Work request – Within the entries below, the lines from the one with "Ripening poisonous berries" through the one with "Nike Running DRI-FIT" are to be set down exactly, both ends kept.

(Dataset)

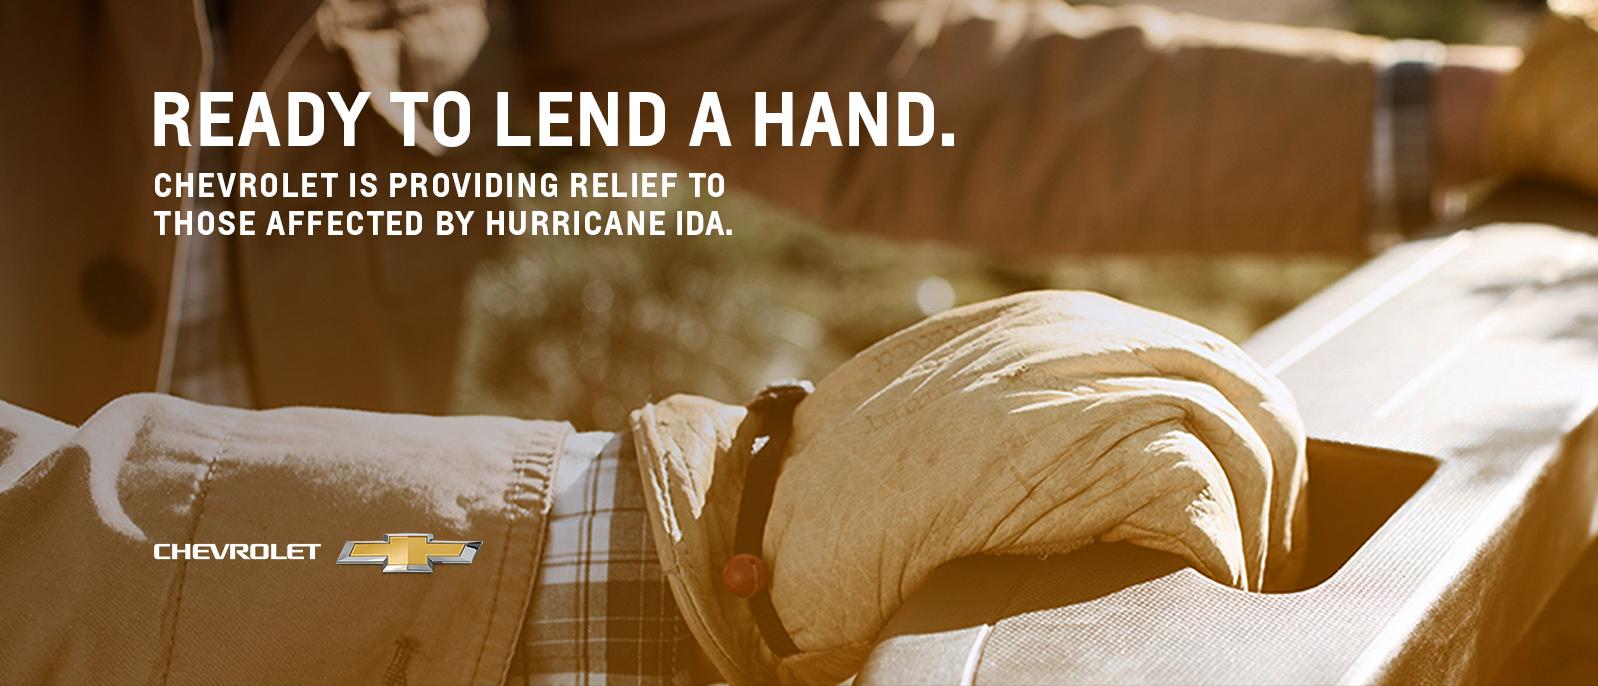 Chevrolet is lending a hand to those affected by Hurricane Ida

(End Dataset)
(Dataset)

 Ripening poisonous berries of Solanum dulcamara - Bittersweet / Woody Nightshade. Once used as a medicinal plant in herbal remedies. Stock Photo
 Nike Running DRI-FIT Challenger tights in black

(End Dataset)

Solution for this exercise –
 Ripening poisonous berries of Solanum dulcamara - Bittersweet / Woody Nightshade. Once used as a medicinal plant in herbal remedies. Stock Photo
 Nike Running DRI-FIT Challenger tights in black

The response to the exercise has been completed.